EX-10 4 mghi_ex104-10k2001.htm EXHIBIT 10.4 Exhibit 10.4
                      Amendment of Tax Allocation Agreement
                                     Between
                                   MAXXAM Inc.
                                       and
                                MAXXAM Group Inc.



         WHEREAS, MAXXAM Inc. ("MAXXAM") and MAXXAM Group Inc. ("MGI") executed
a tax allocation agreement as of August 4, 1993 covering all taxable years
during which MGI is included in MAXXAM's Federal consolidated income tax returns
(the " MGI Tax Allocation Agreement"); and

         WHEREAS, MGI is currently a member of the affiliated group within the
meaning of Section 1504(a) of the Internal Revenue Code of 1986, as amended (the
"Code"), of which MAXXAM is the common parent corporation (the "Group"); and

         WHEREAS, pursuant to an Amendment of Tax Allocation Agreement dated as
of December 31, 2001, MAXXAM and The Pacific Lumber Company, a wholly owned
indirect subsidiary of MAXXAM, amended a tax allocation agreement dated as of
March 23, 1993 (the "Amended PL Tax Allocation Agreement"); and

         WHEREAS, MAXXAM and MGI desire to amend the MGI Tax Allocation
Agreement in a manner similar to the Amended PL Tax Allocation Agreement as
contemplated herein.

         NOW, THEREFORE, MAXXAM and MGI hereby agree to the following amendments
to the MGI Tax Allocation Agreement effective for periods beginning after
February 28, 1999:

1.   The first sentence of Section 4(a) is replaced with, and superseded by, the
     following language:

              For purposes of making the computations described herein, MGI and
              all lower (with respect to MGI) tier entities, including
              newly-formed Restricted Subsidiaries, in which MGI has direct or
              indirect ownership (individually and collectively referred to as
              "MGI Subgroup Subsidiary" or "MGI Subgroup Subsidiaries") shall be
              treated as an affiliated group of corporations (the "MGI
              Subgroup"), the common parent of which is MGI, provided, however,
              that the MGI Subgroup shall only include any MGI Subgroup
              Subsidiary to the extent that such MGI Subgroup Subsidiary meets
              the test of affiliation under Section 1504 of the Code as it would
              apply to the MGI Subgroup.

2.   Sections 4(h), (i), and (j) are redesignated as Sections 4(i), (j), and
     (k), respectively.

3.   Section 4 is amended by adding the following language as new subsection
     (h):

              For purposes of Section 4(c) of this Agreement, net operating
              losses of MGI Subgroup Members arising after August 31, 1993 are
              available to offset Salmon Creek Corporation's 1999 taxable income
              recognized on the sale of its Headwaters timberlands.
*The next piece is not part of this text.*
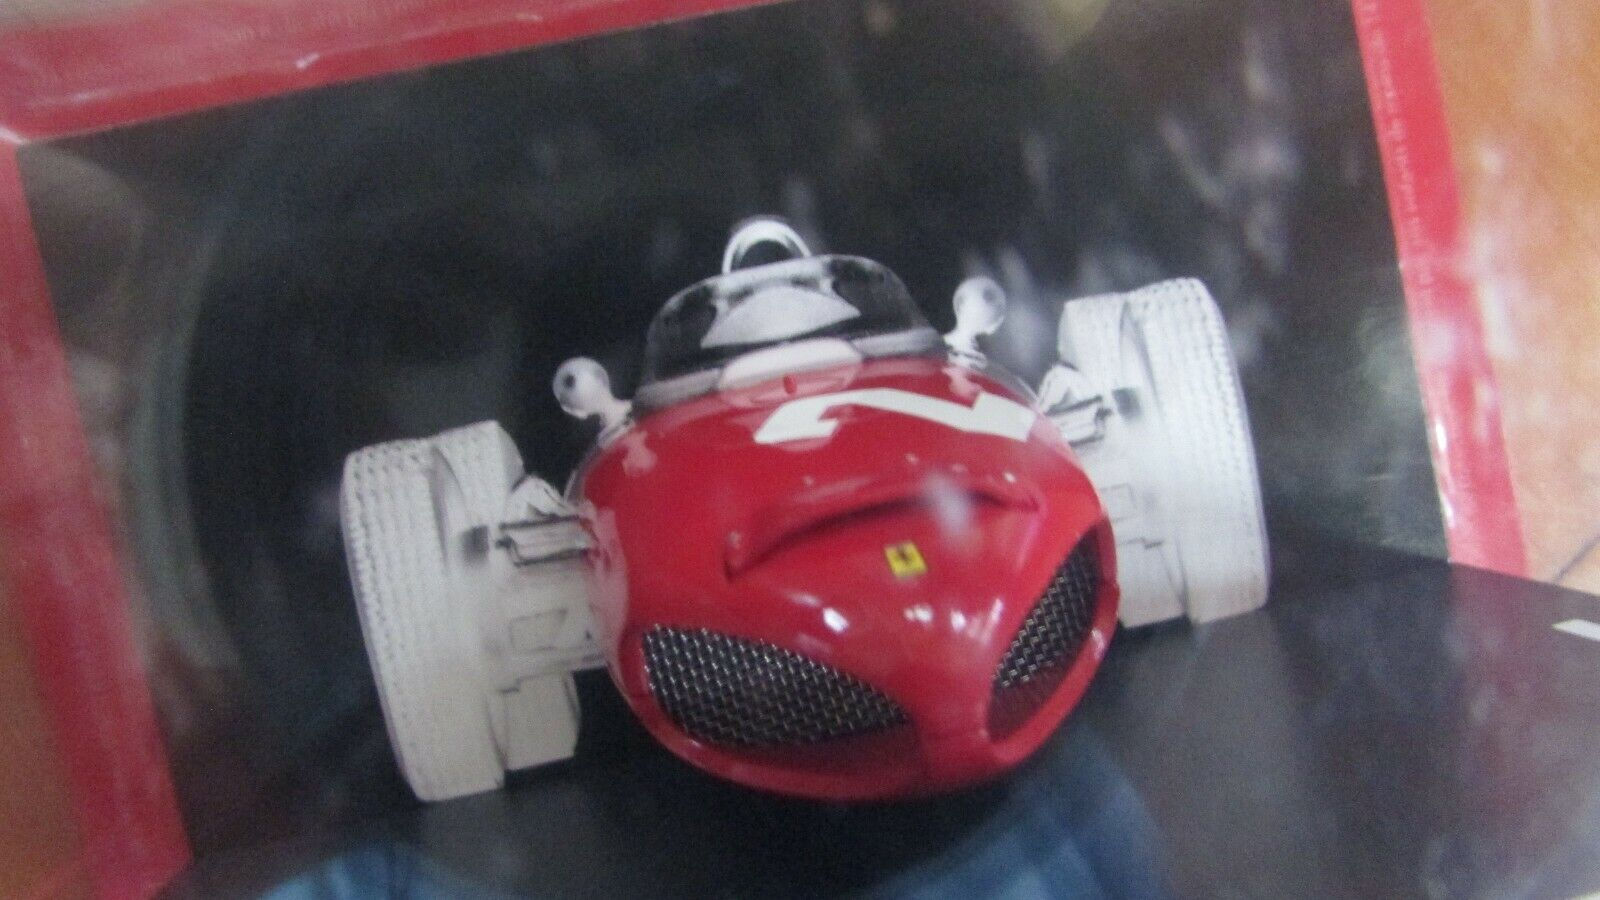 orden ahora disfrutar de gran descuento 1961 Ferrari 156 Race Coche nariz pantalla Phil Phil Phil Hill nuevo caja sin abrir escala 1 18  distribución global

4.   Section 4(j), as redesignated, is amended by changing the reference
     contained therein from "subsection (h)" to "subsection (i)."

         IN WITNESS WHEREOF, MAXXAM and MGI have executed this Amendment of Tax
Allocation Agreement by duly authorized officers thereof as of December 31,
2001.


                                  MAXXAM Inc.


                                  By: /s/ Paul N. Schwartz

                                  Title: President




                                  MAXXAM Group Inc.